• **Dataset excerpts**:
Start of Block

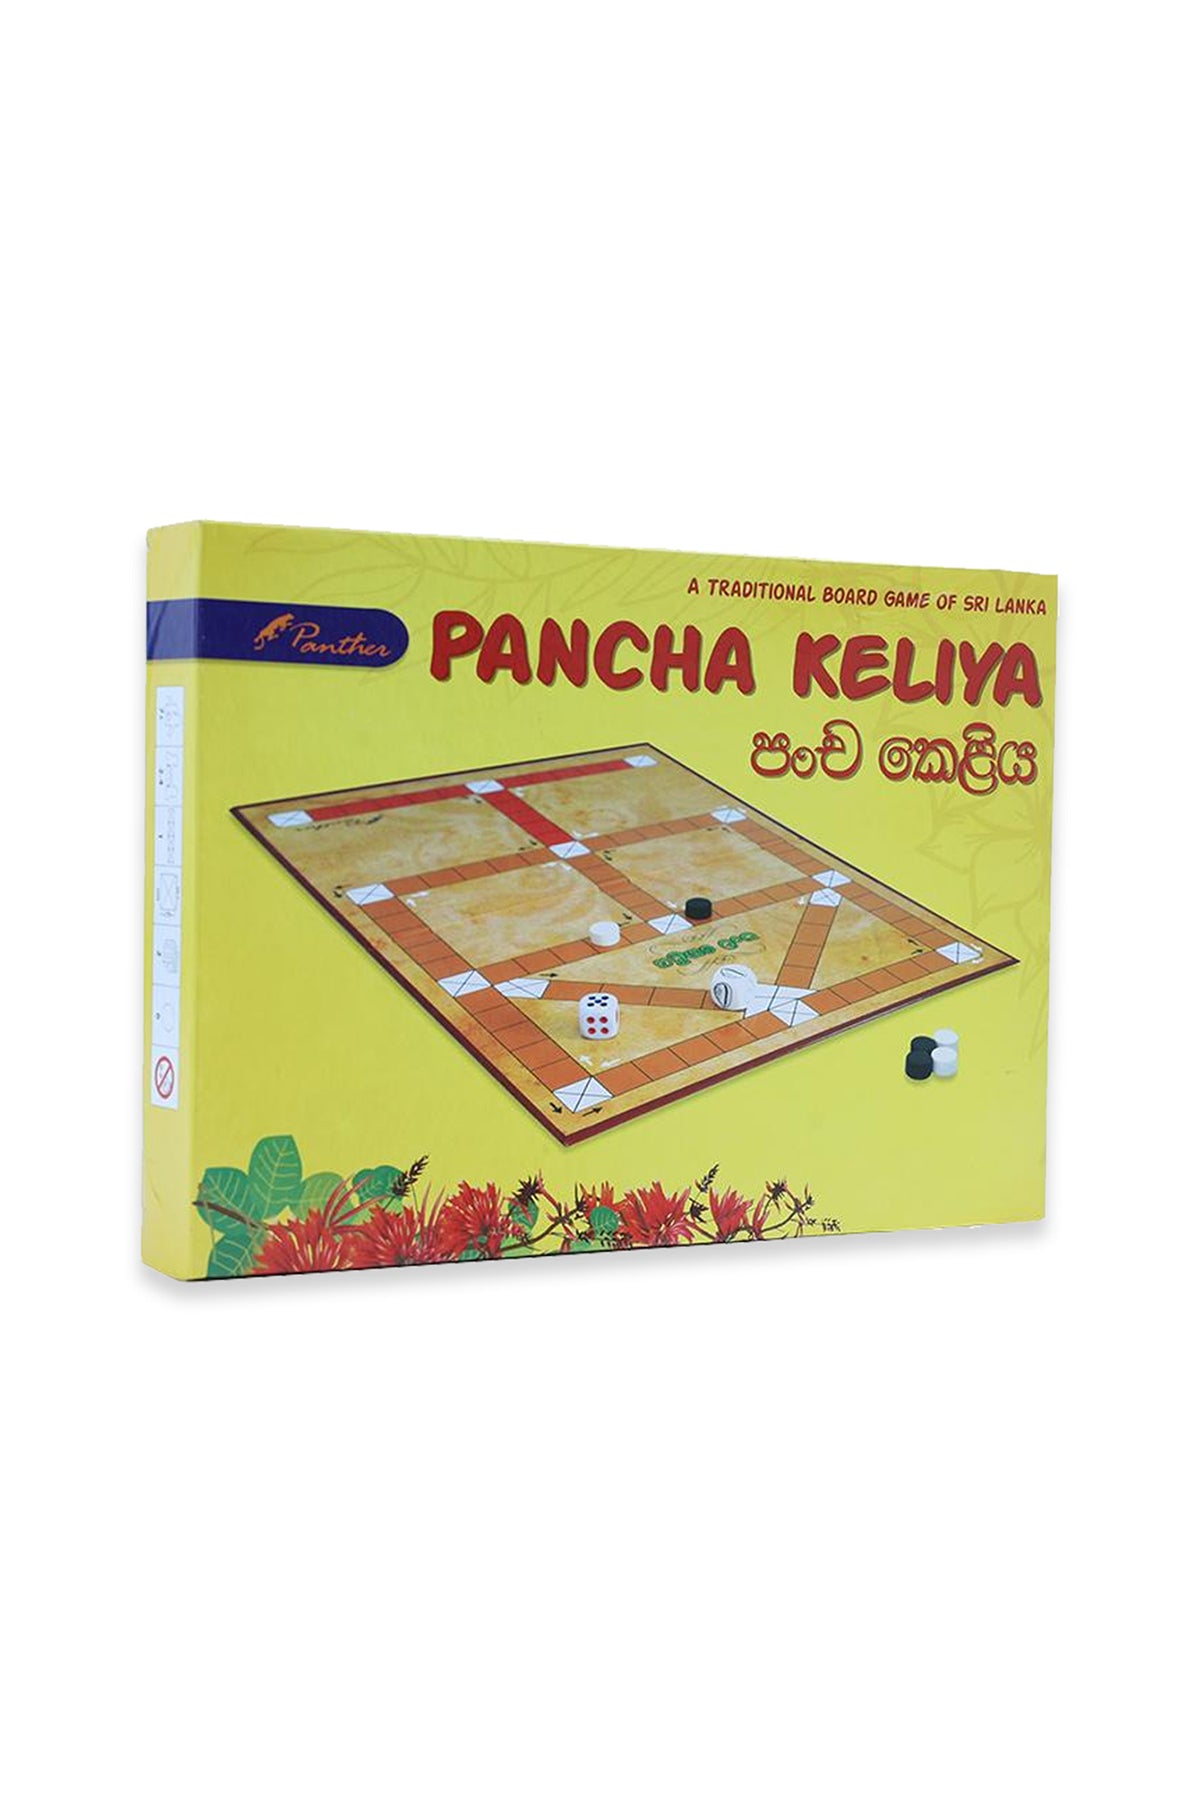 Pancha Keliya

End of Block
Start of Block

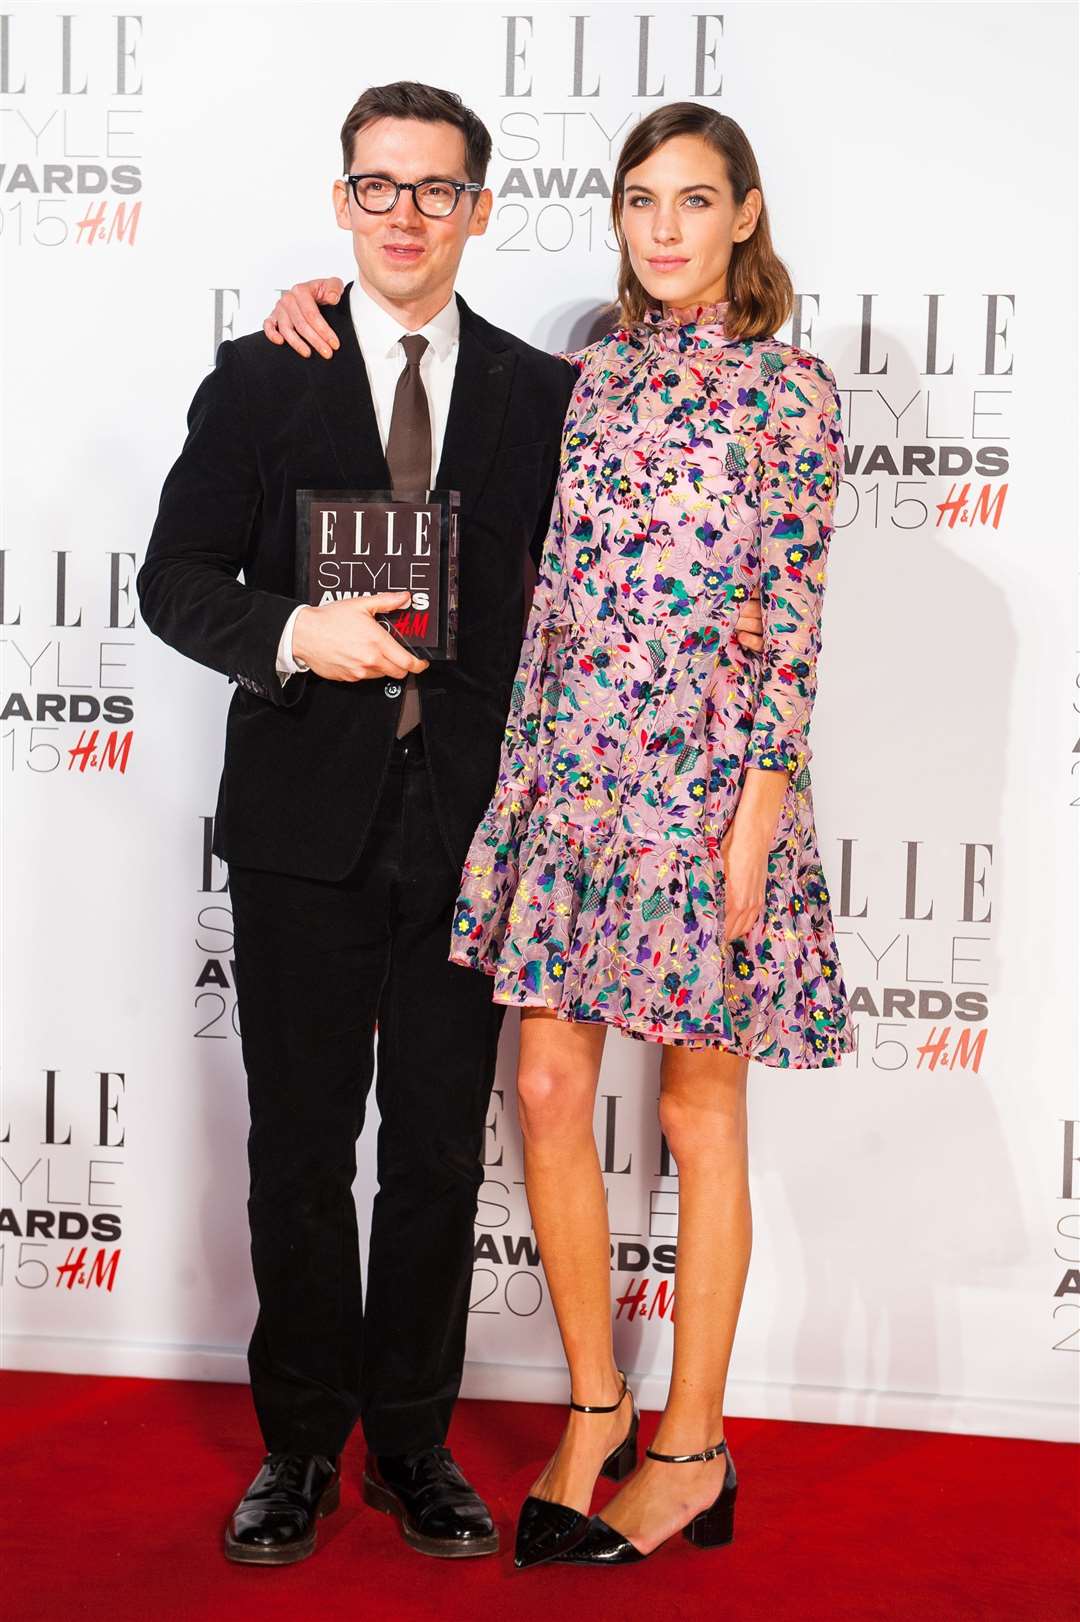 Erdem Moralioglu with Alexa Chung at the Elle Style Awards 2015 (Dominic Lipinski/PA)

End of Block
Start of Block

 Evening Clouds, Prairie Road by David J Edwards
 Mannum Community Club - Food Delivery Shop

End of Block

• **Aim of the exercise**: Print exactly the lines of the listing above starting at the line containing "Evening Clouds, Prairie" and ending at the line containing "Mannum Community Club - Food Delivery Shop", both included.

• **Task response**:
 Evening Clouds, Prairie Road by David J Edwards
 Mannum Community Club - Food Delivery Shop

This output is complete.